SOURCE DATA:
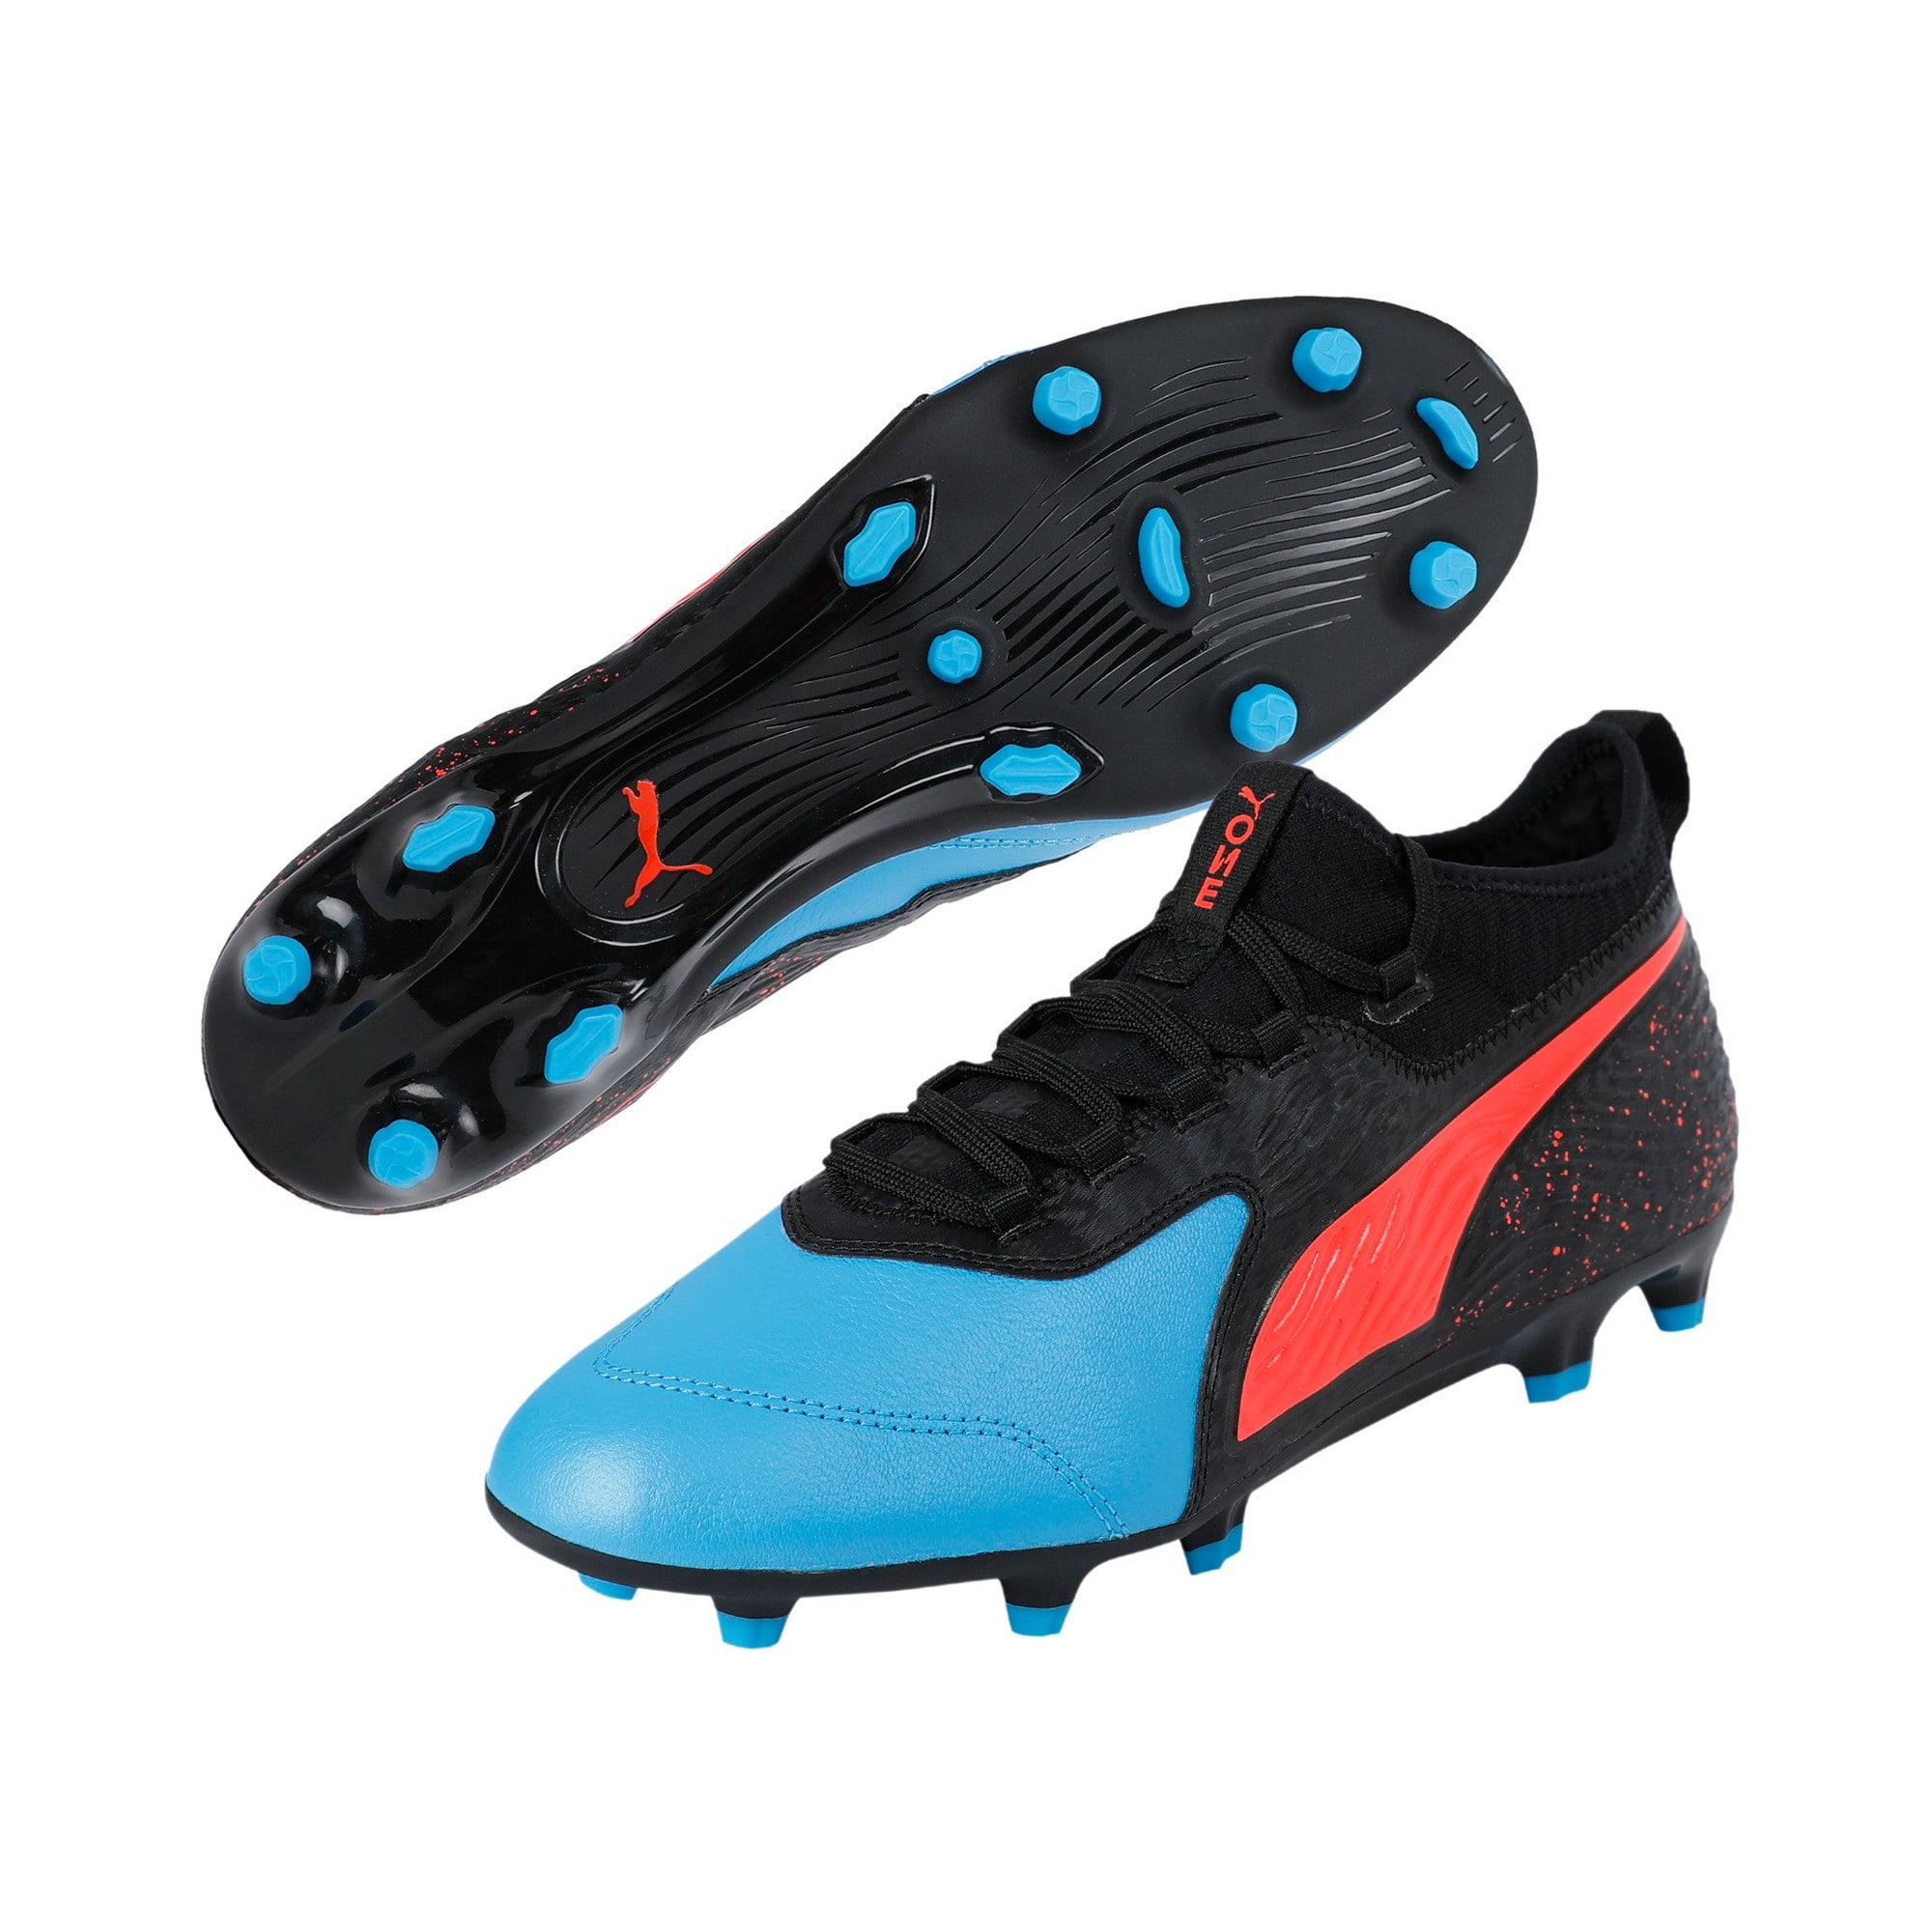 Thumbnail 2 of PUMA ONE 19.3 FG/AG Men's Football Boots, Bleu Azur-Red Blast-Black, medium-IND
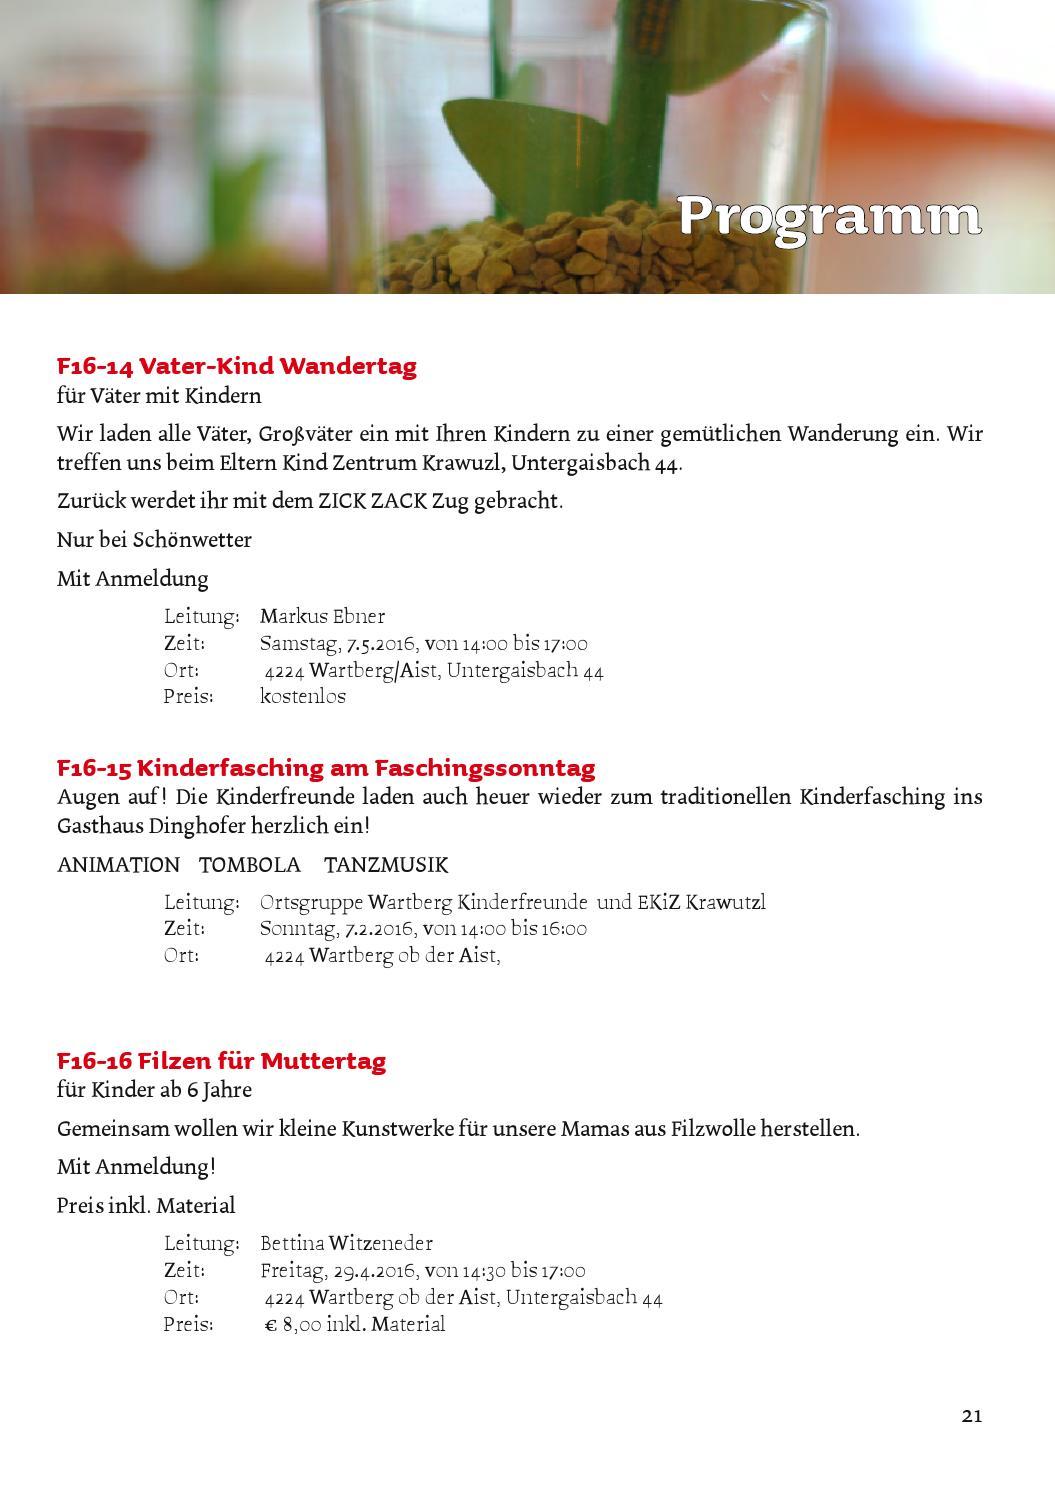 Archiv - VS Wartberg/Aist - Schulweb
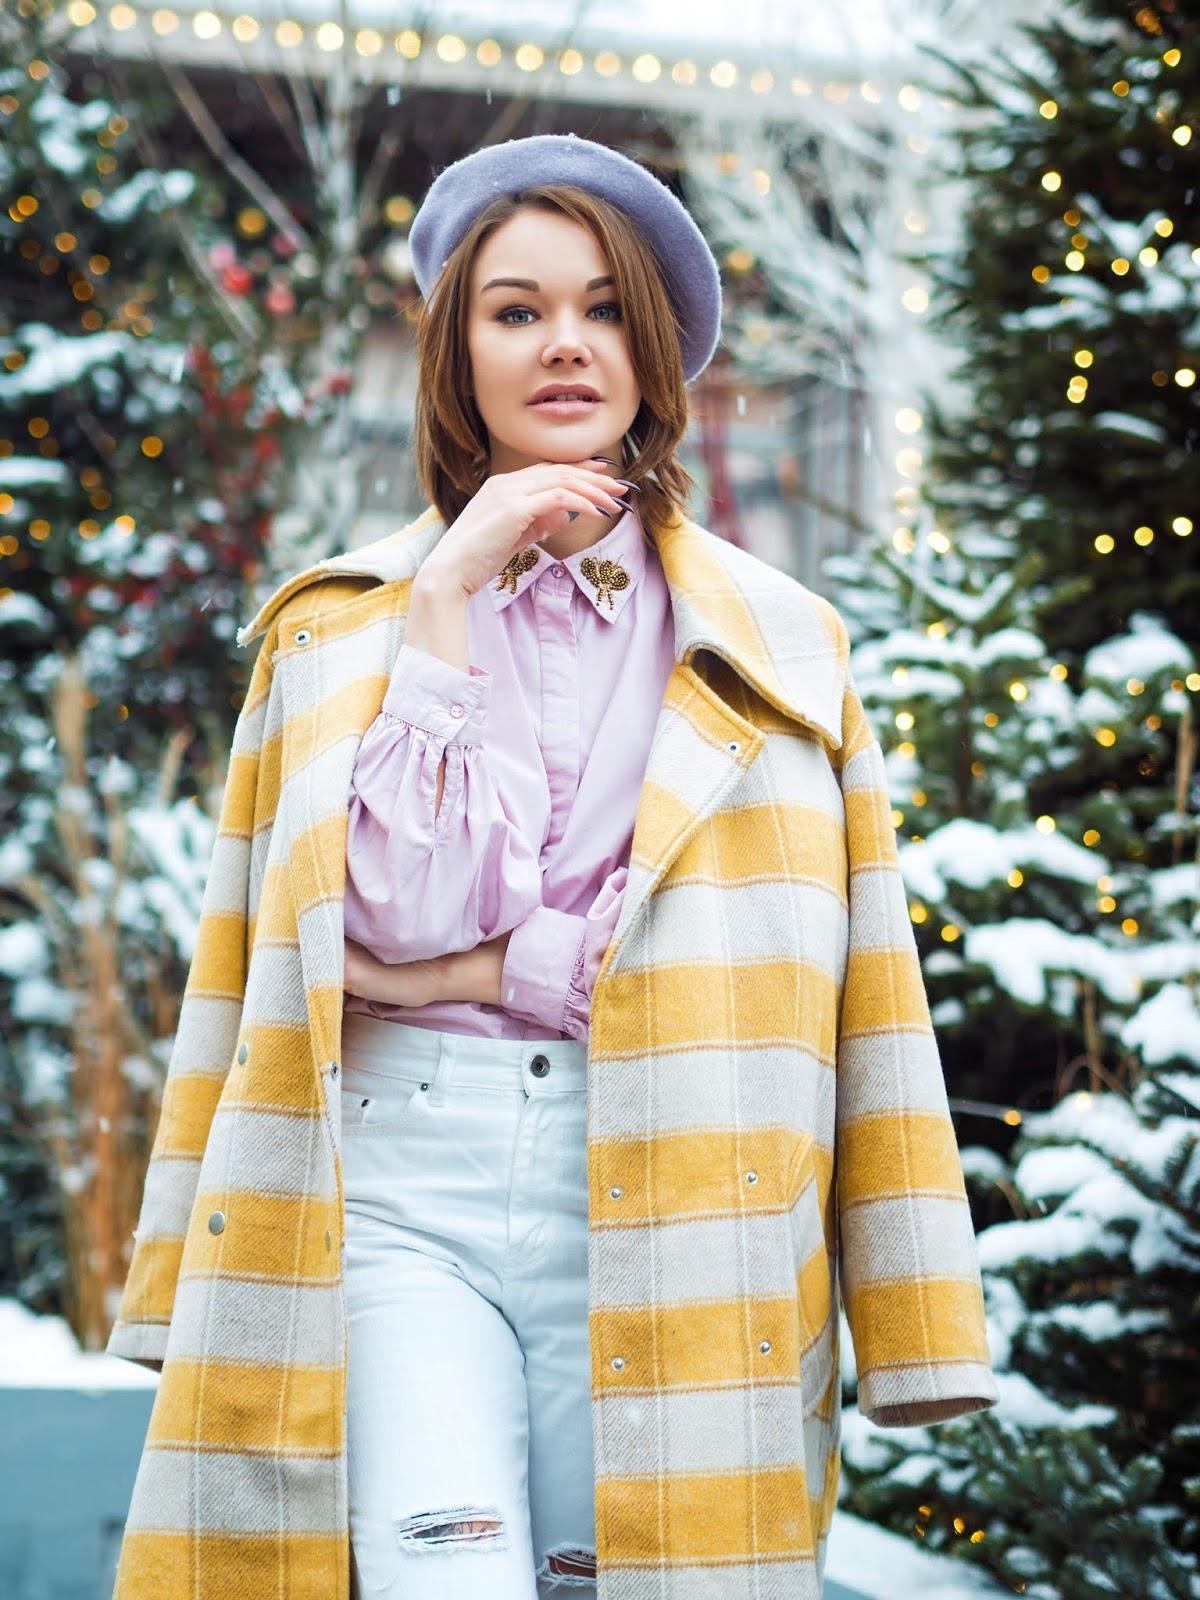 gvozdishe blogger coat shirt jeans shoes bag beret pink shirt winter outfits
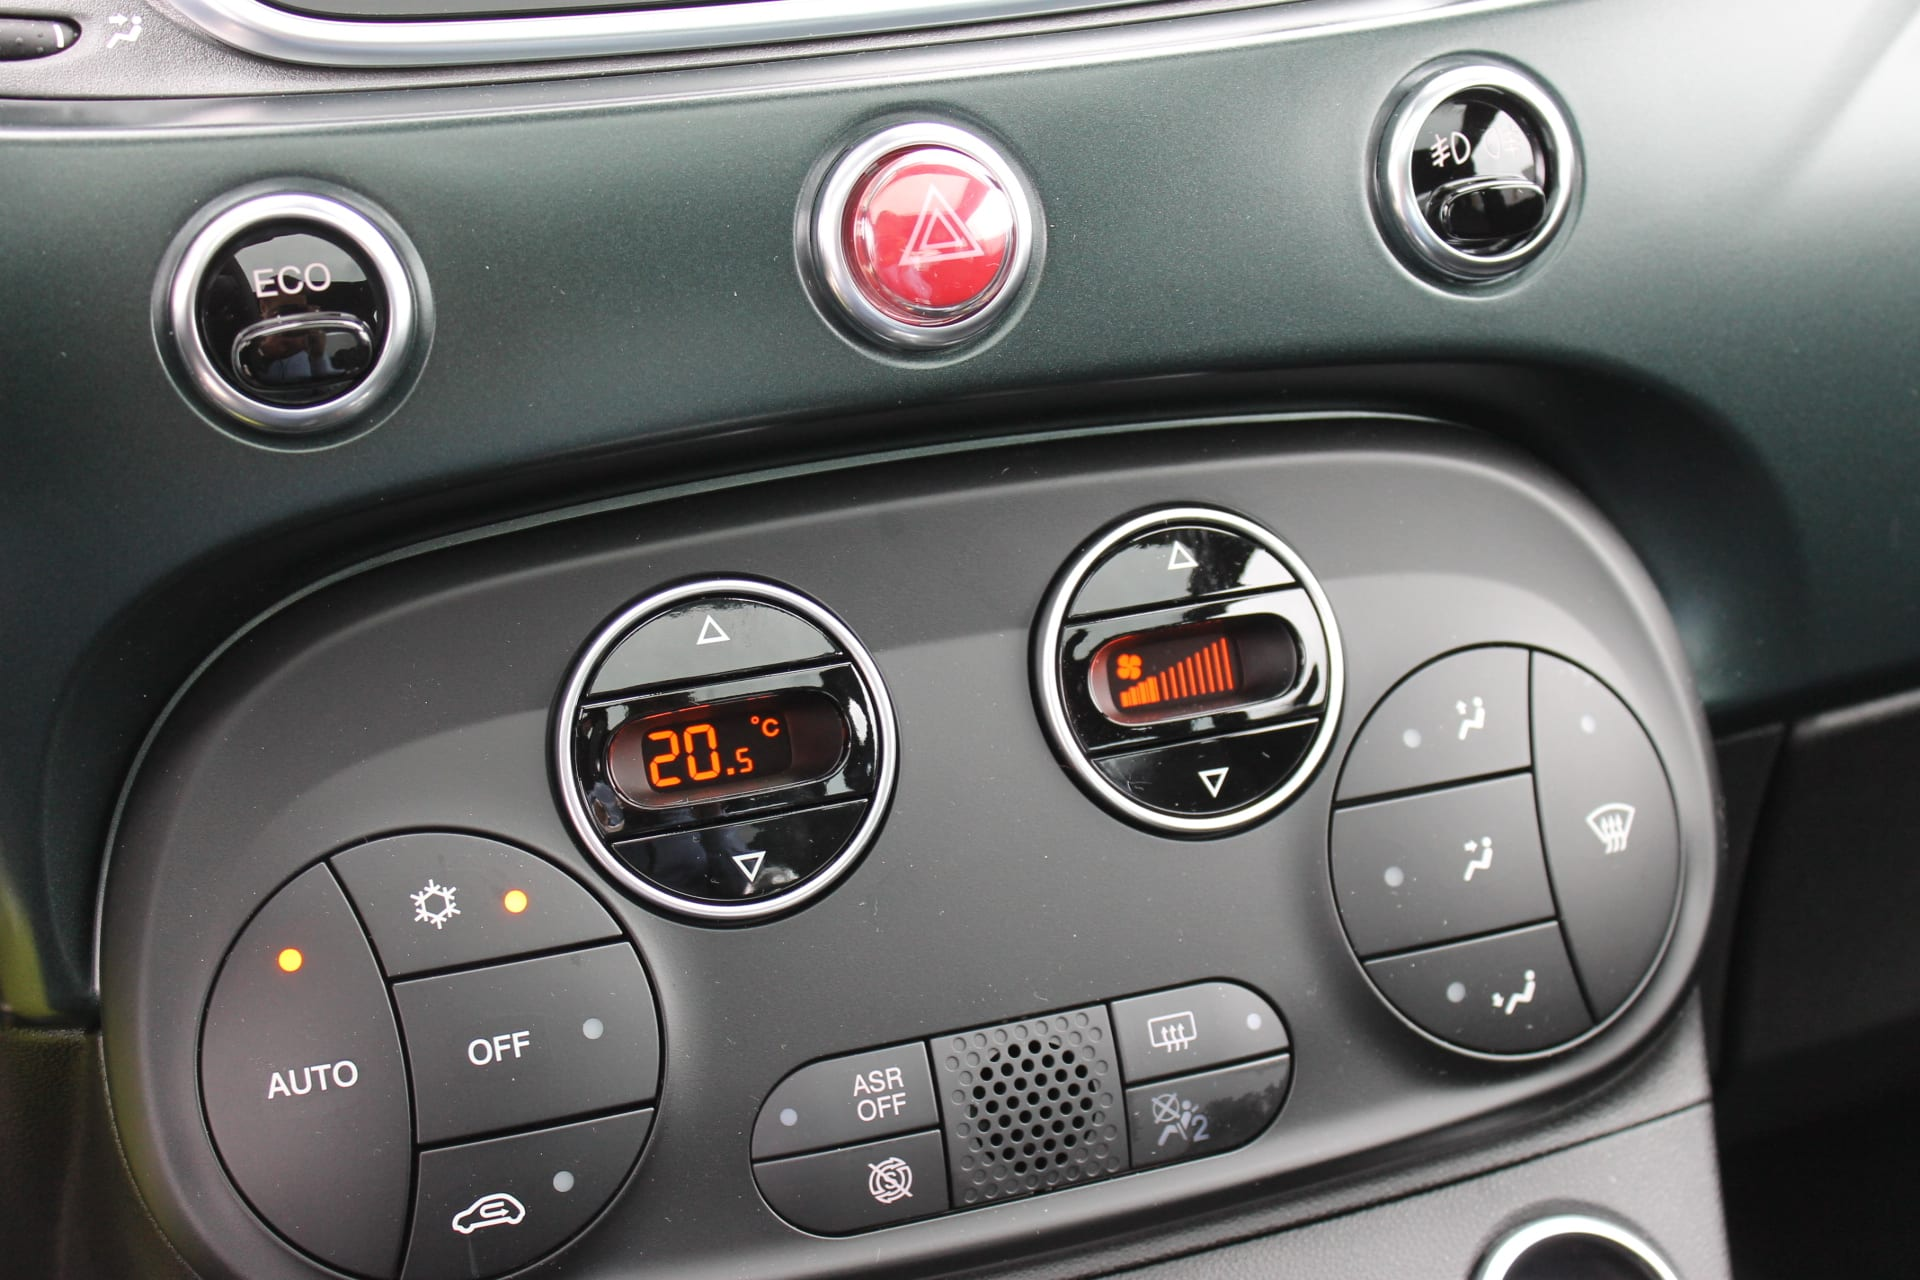 Fiat 500 Rockstar matgroen - temperatuurregelaar

TASK PROMPT:
Transcribe exactly, and only, the lines from the one with "Archiv - VS Wartberg/Aist - Schulweb" through the final line of the data above. The pictures stay out.

TASK SOLUTION:
 Archiv - VS Wartberg/Aist - Schulweb
 gvozdishe blogger coat shirt jeans shoes bag beret pink shirt winter outfits
 Fiat 500 Rockstar matgroen - temperatuurregelaar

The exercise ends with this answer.